More familiar ground. This turned out to be a dream where he was replaying his argument with Lucy. He had explained (not very well, but he had given it the old college try) that he needed to write the book. That it was very important. She had asked if it was as important as she and the kids. He had told her no, of course not, then asked if it had to be a choice.

I think it is a choice, she’d said. And you just made it.

“This isn’t actually a magic wish situation at all,” he said. “More of a business deal. Or a Faustian bargain. It’s sure not like any of the fairy tales I read as a kid.”

The rat scratched behind one ear, somehow keeping his balance while he did it. Admirable. “All the wishes in fairy tales come at a price. Then there’s ‘The Monkey’s Paw.’ Remember that one?”

“Even in a dream,” Drew said, “I would not trade my wife or either of my kids for an oat opera with no literary pretensions.”

As the words came out of his mouth, he realized that was why he had seized the idea of Bitter River so unquestioningly; his plot-driven western would never be stacked up against the next Rushdie or Atwood or Chabon. Not to mention the next Franzen.

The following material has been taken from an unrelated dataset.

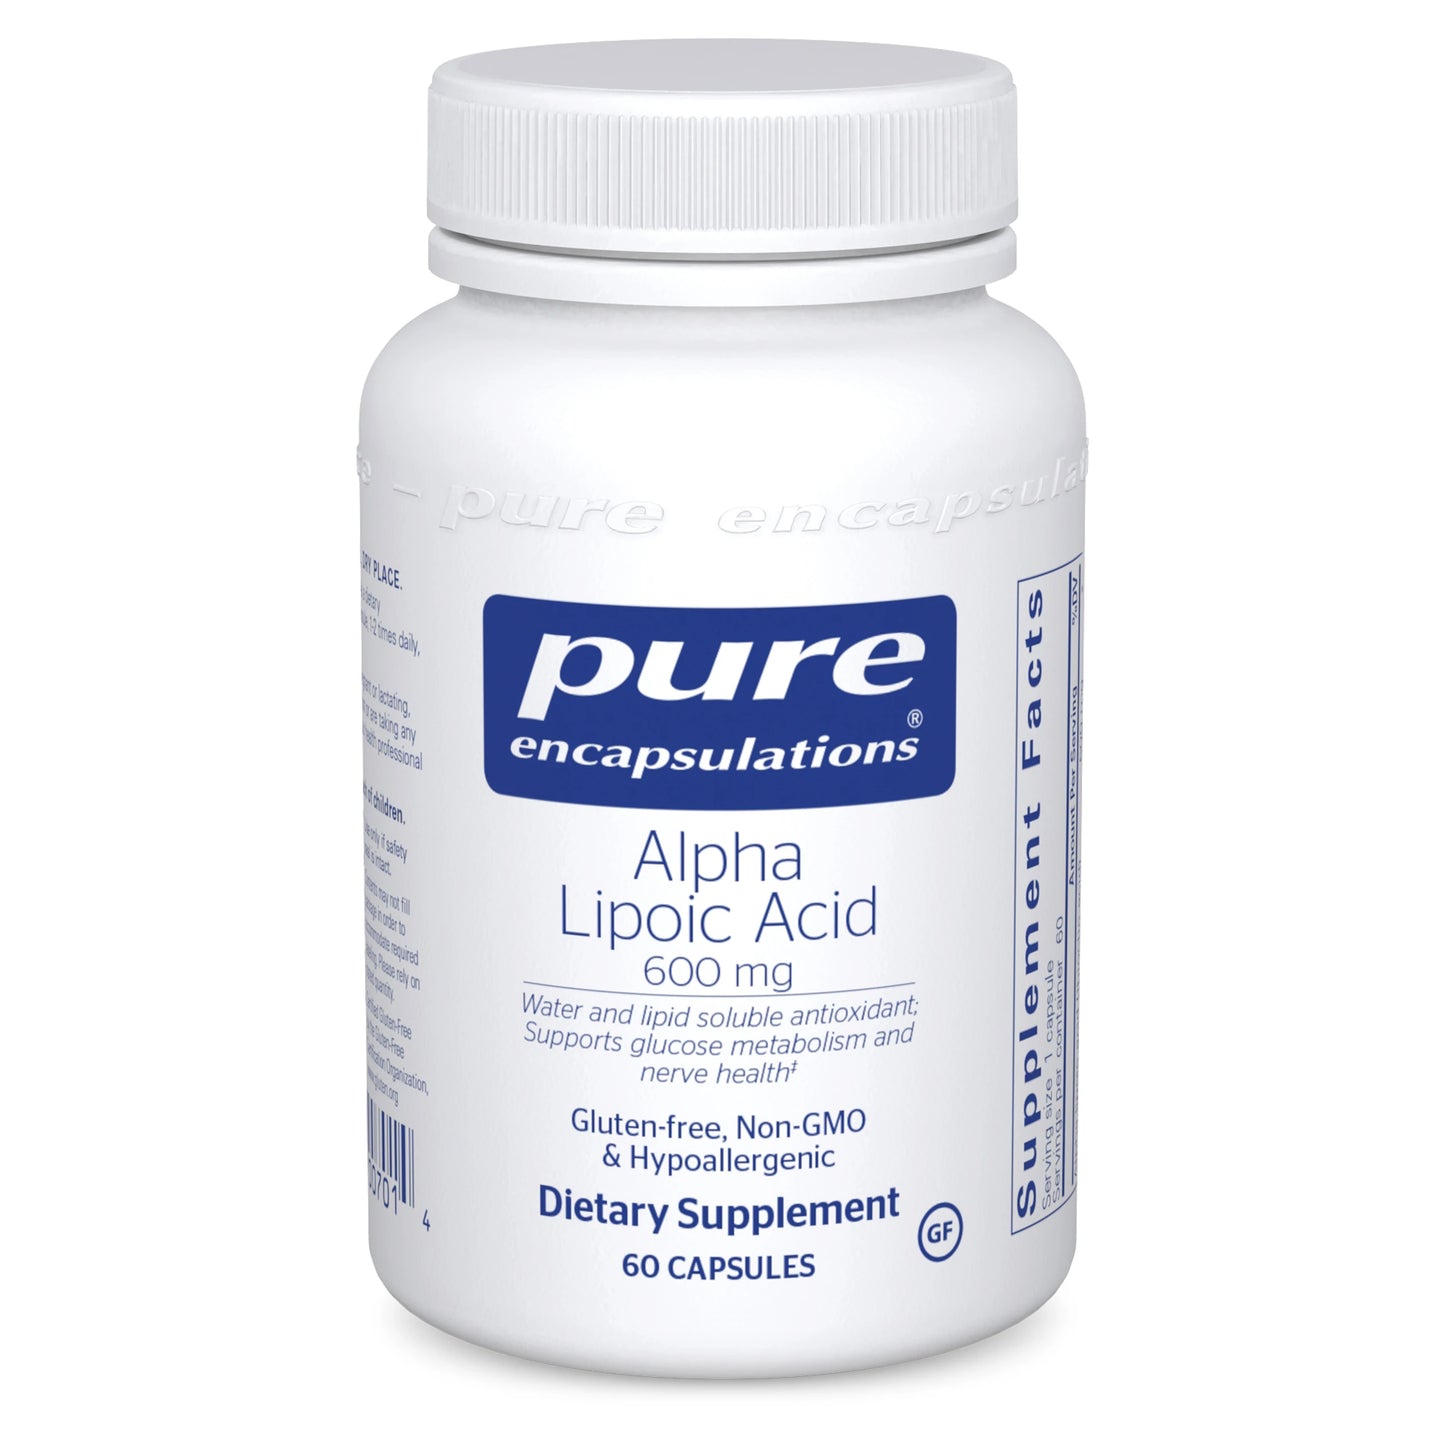 Alpha Lipoic Acid helps maintain healthy glucose metabolism, supports the nervous system, and provides nutritional support for metabolic processes. Pure Encapsulations Alpha Lipoic Acid supports healthy glucose metabolism and the nervous system with water and fat-soluble antioxidants.

“I would never ask you to,” the rat said. “Actually, I was thinking of Al Stamper. Your old department head.”

That silenced Drew. He just looked at the rat, which looked back with those beady black eyes. The wind blew around the cabin, sometimes gusting hard enough to shake the walls; the sleet rattled.

Pancreatic, Al had said when Drew commented on his startling weight loss. But, he had added, there was no need for anyone to be crafting obituaries just yet. The docs caught it relatively early. Confidence is high.

Looking at him, though—sallow skin, sunken eyes, lifeless hair—Drew had felt no confidence whatsoever. The key word in what Al had said was relatively. Pancreatic cancer was sly; it hid. The diagnosis was almost always a death sentence. And if he did die? There would be mourning, of course, and Nadine Stamper would be the chief mourner—they had been married for something like forty-five years. The members of the English Department would wear black armbands for a month or so. The obituary would be long, noting Al’s many accomplishments and awards. His books on Dickens and Hardy would be mentioned. But he was seventy-two at least, maybe even seventy-four, and nobody would say he died young, or with his promise unfulfilled.

Meanwhile, the rat was looking at him, its pink paws now curled against its furry chest.

What the hell? Drew thought. It’s only a hypothetical question. And one inside a dream, at that.

“I guess I’d take the deal and make the wish,” Drew said. Dream or no dream, hypothetical question or not, he felt uneasy saying it. “He’s dying, anyway.”

“You finish your book and Stamper dies,” the rat said, as if to make sure Drew understood.

Drew gave the rat a cunning sideways look. “Will the book be published?”

“I’m authorized to grant the wish if you make it,” the rat said. “I’m not authorized to predict the future of your literary endeavor. Were I to guess…” The rat cocked his head. “I’d guess it will be. As I said, you are talented.”